Not surprisingly, the estimated frequency of summertime sleet is drastically lower over land, but a close look at the image above reveals that the "offshore" region of higher frequency also extends over Barter Island (on the north side of the river delta region protruding north on the far northeastern coast).  ERA5 shows a 1991-2020 mean of about 50 hours per summer with sleet as the dominant precipitation type (subject to precipitation rate) at Kaktovik.

Here's a chart of the annual June-August frequency of the six ERA5 precipitation type categories at a grid cell location very close to Kaktovik:

The long-term increase in the dominance of rain reflects the multi-decadal warming trend.  Similar trends are seen if we take the area-average over a box encompassing the northern North Slope and nearby waters: all "wintry" precipitation types have decreased in frequency in recent years.

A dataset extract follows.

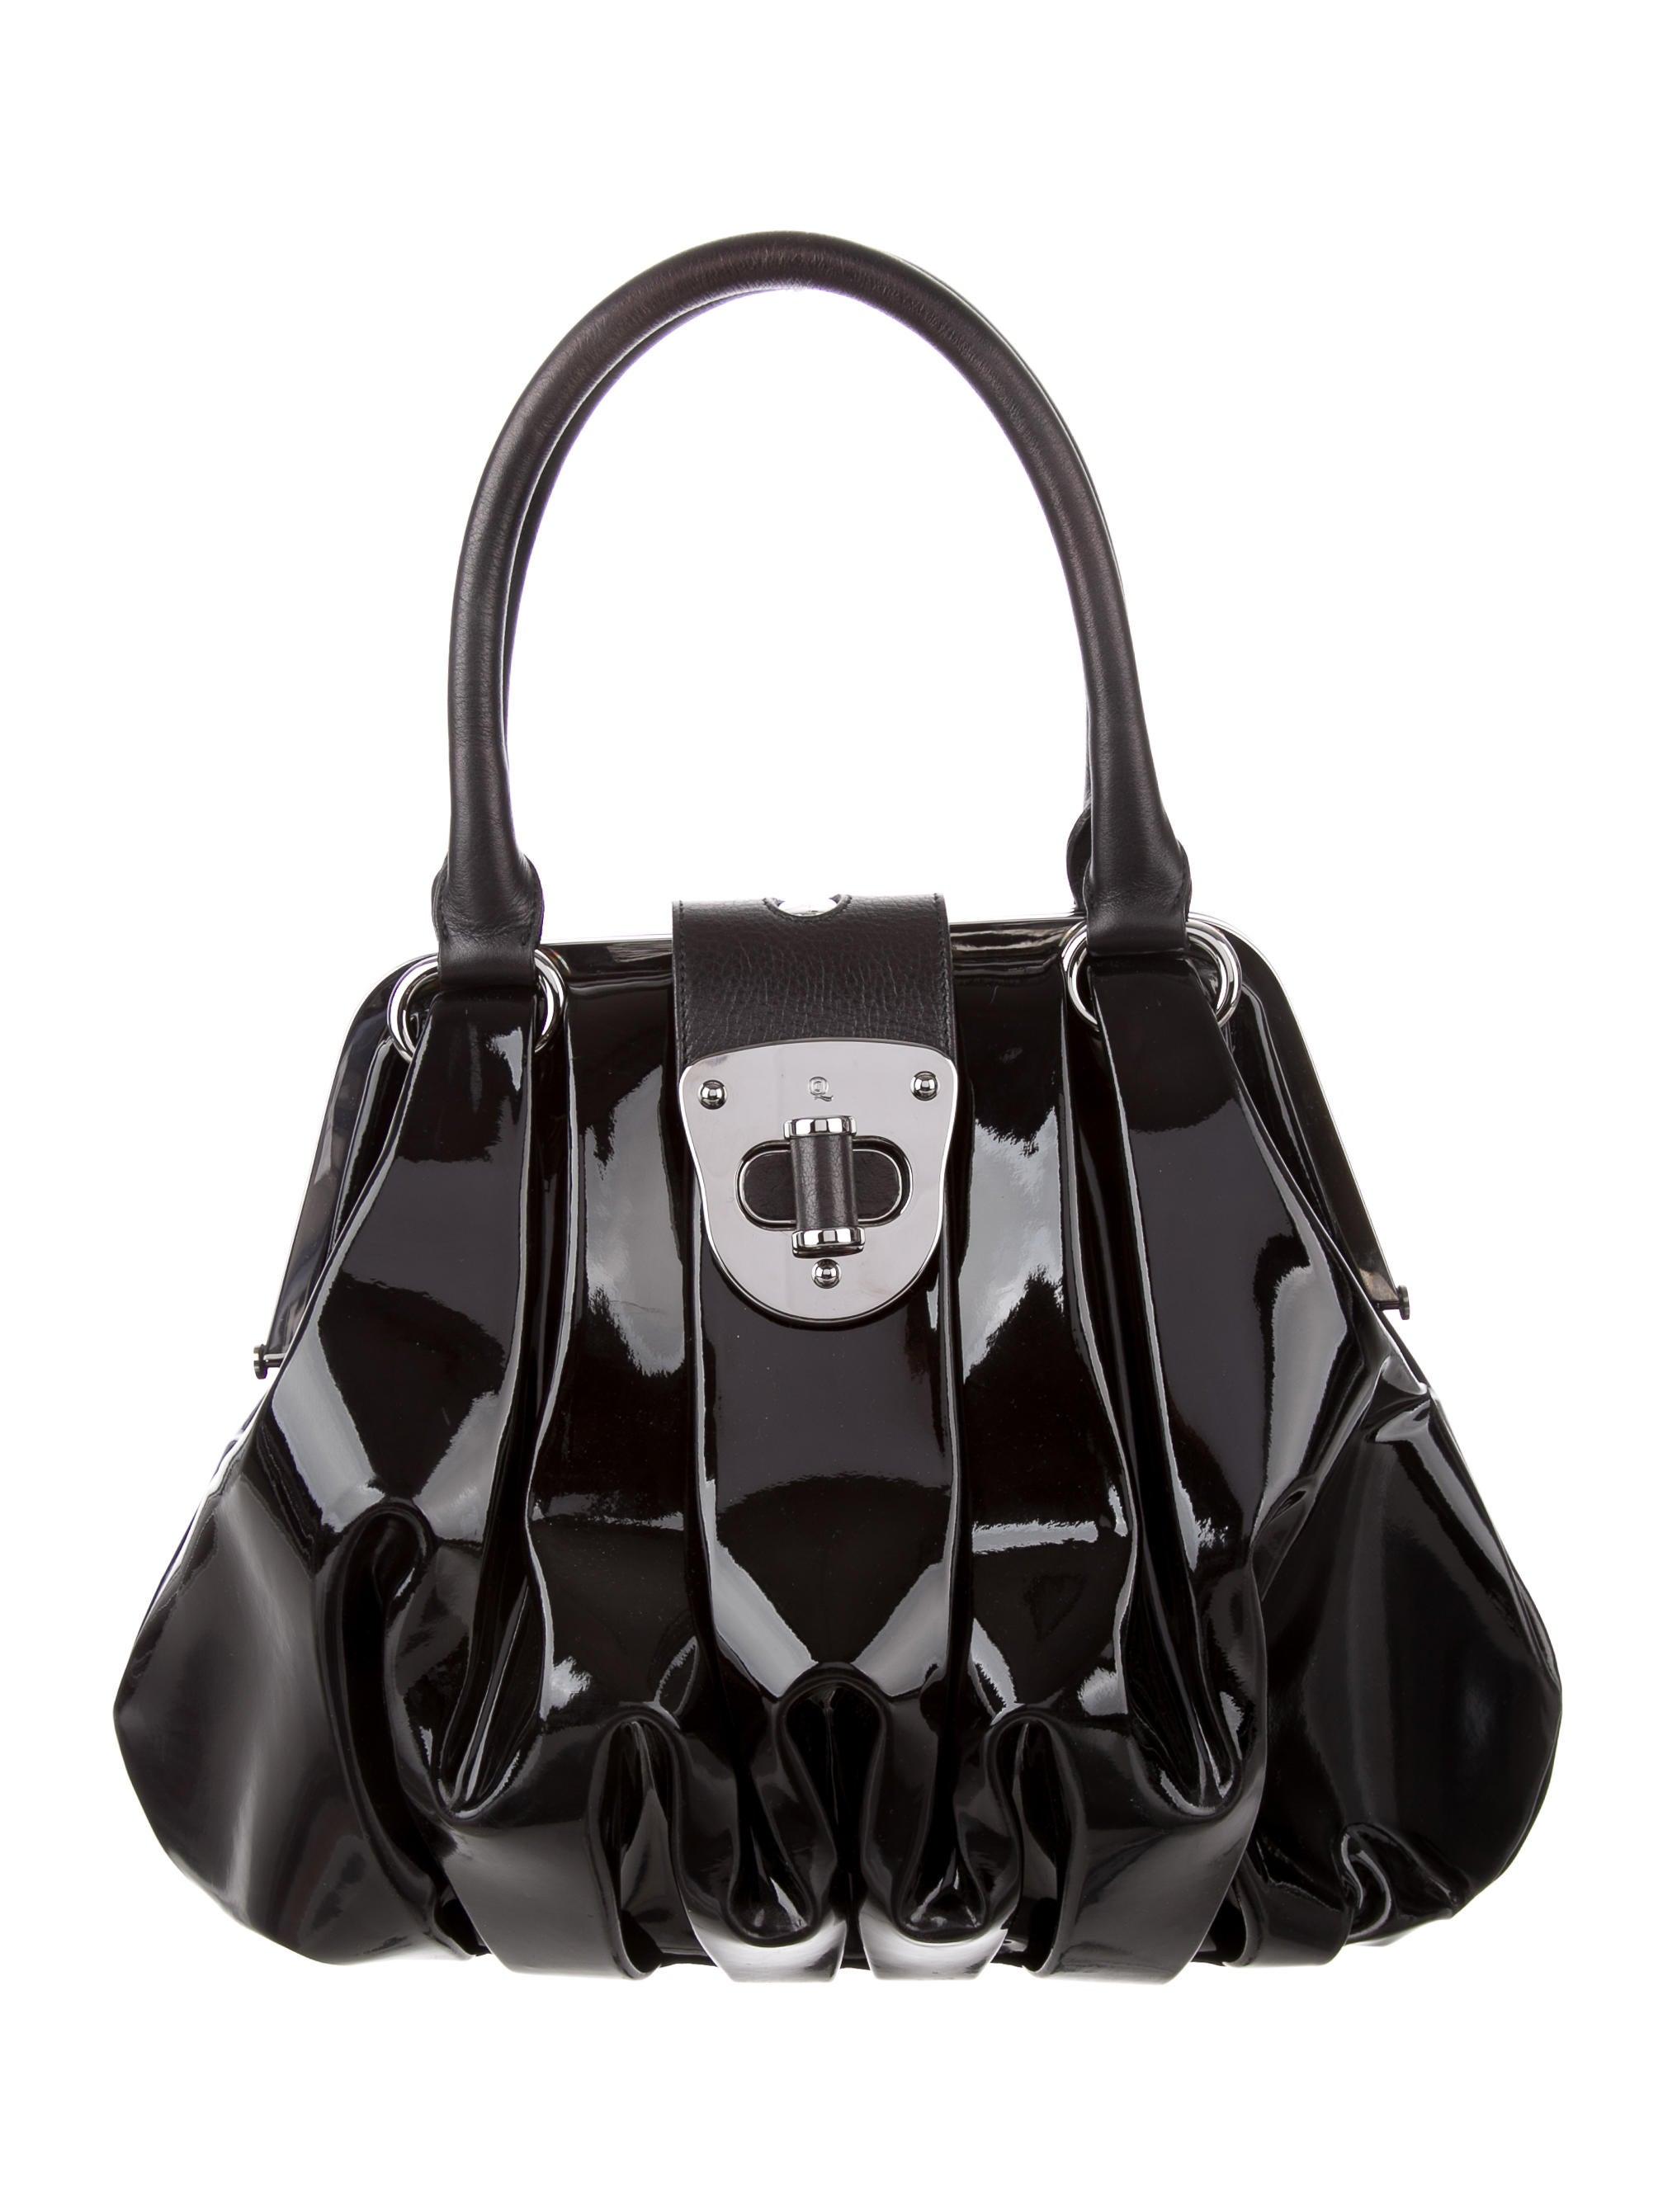 Alexander McQueen Patent Leather Elvie Bag - Handbags ...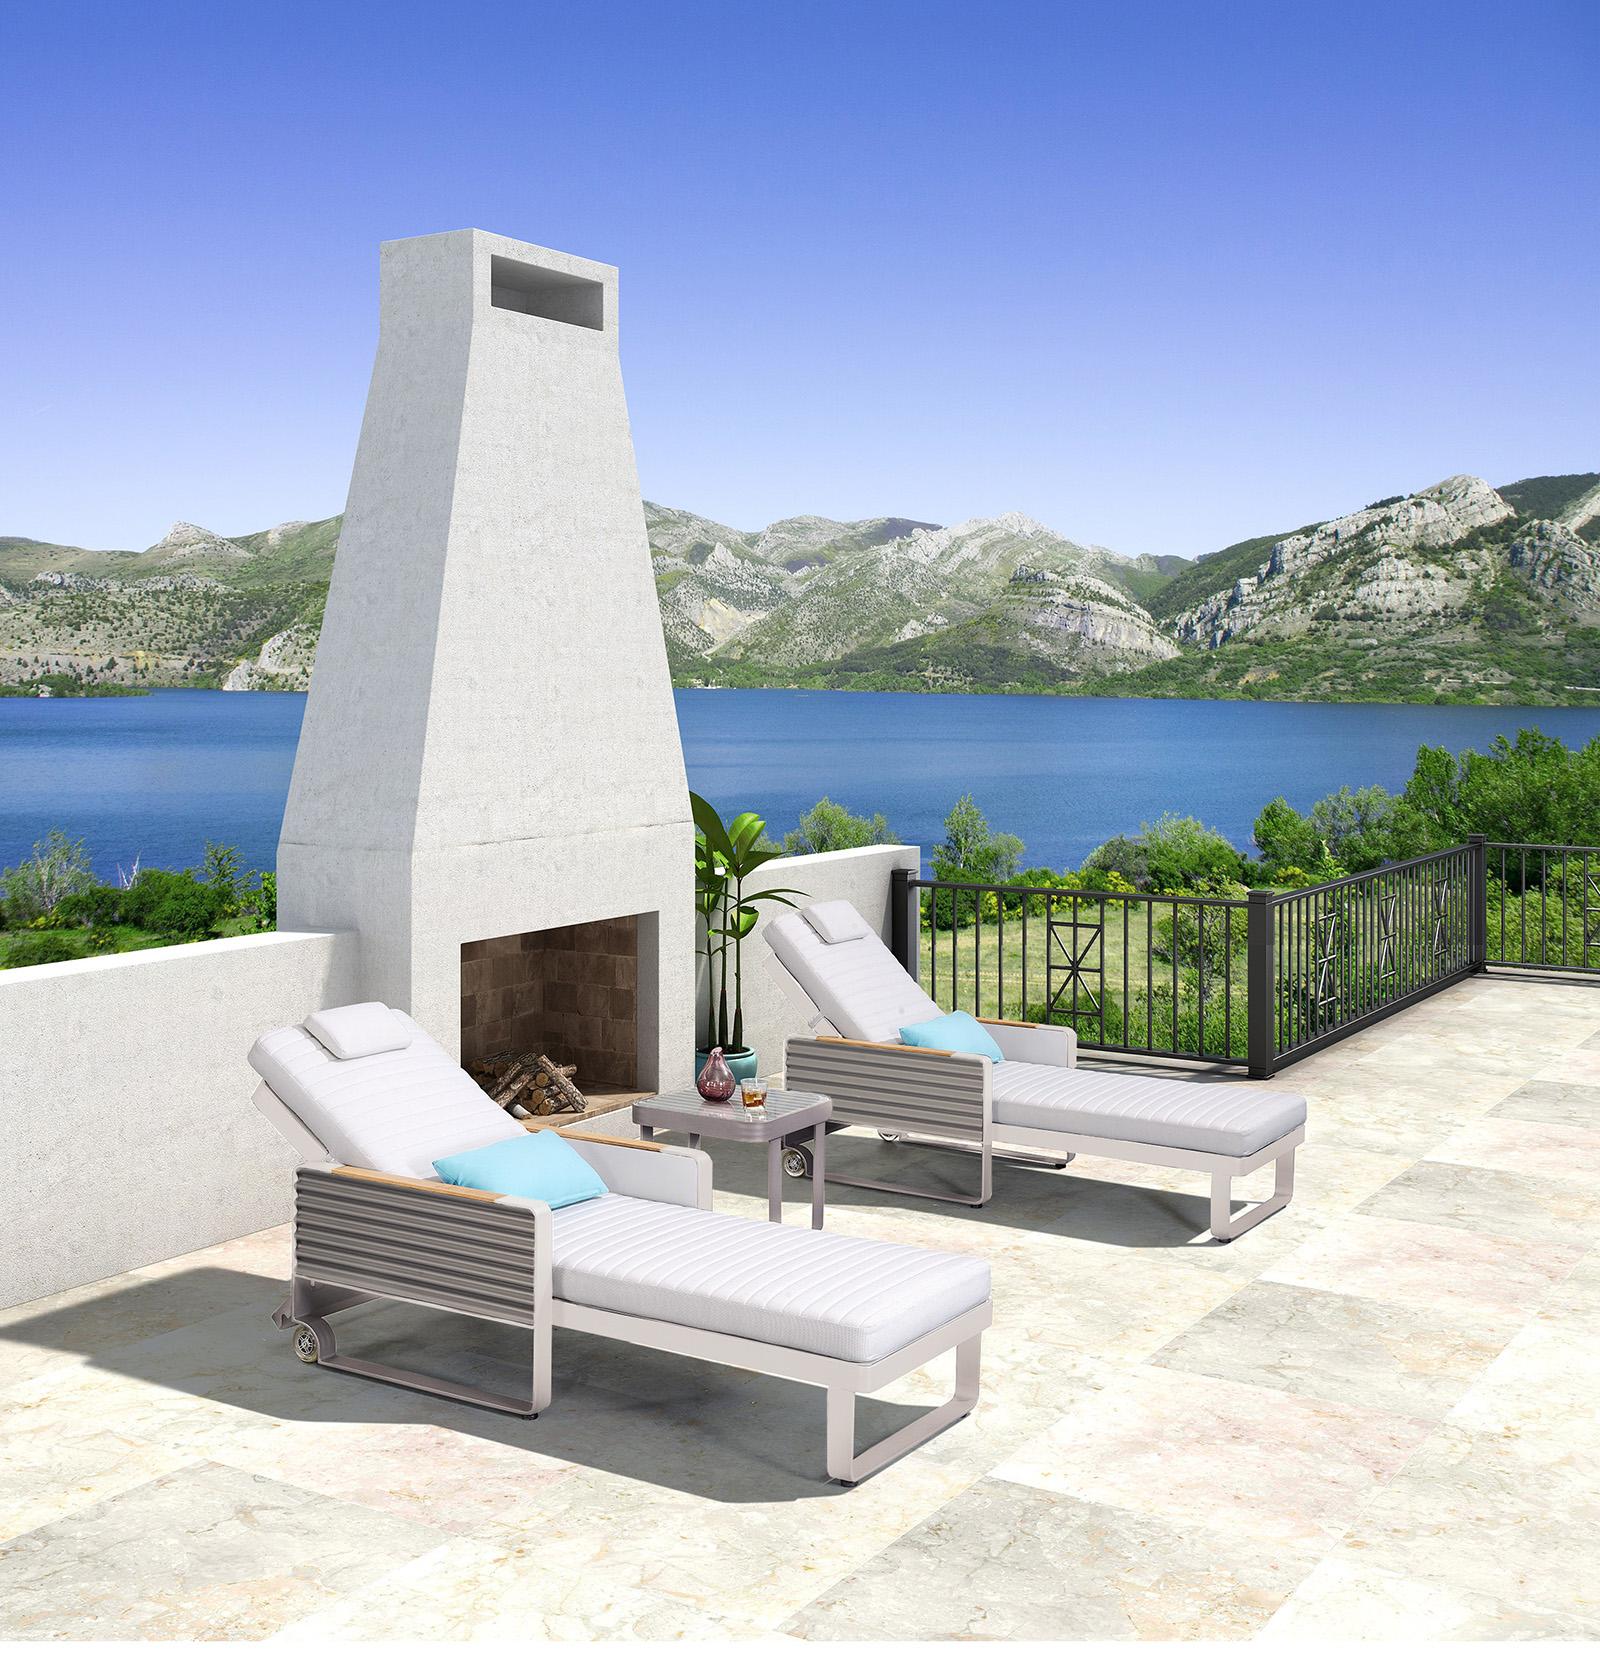 Gartenliegen Sonnenliegen Set AIRPORT Alu/Textil - 2er Set Loungeliegen - Beistelltisch optional

Interestingly, the same is not true over the Arctic Ocean farther to the north of Alaska: the ERA5 data suggests that snow and other icy precipitation types have become more common at the expense of rain in recent years:

Here are the annual values for a 74-78°N area-average well to the north of Alaska:

There seems to have been a notable change in 2007, which was a very big melt year for Arctic sea ice.  It's not clear to me why more open ocean would produce more, not less, wintry precipitation in summer; more investigation of the model temperature profiles would be required to explain what's going on here.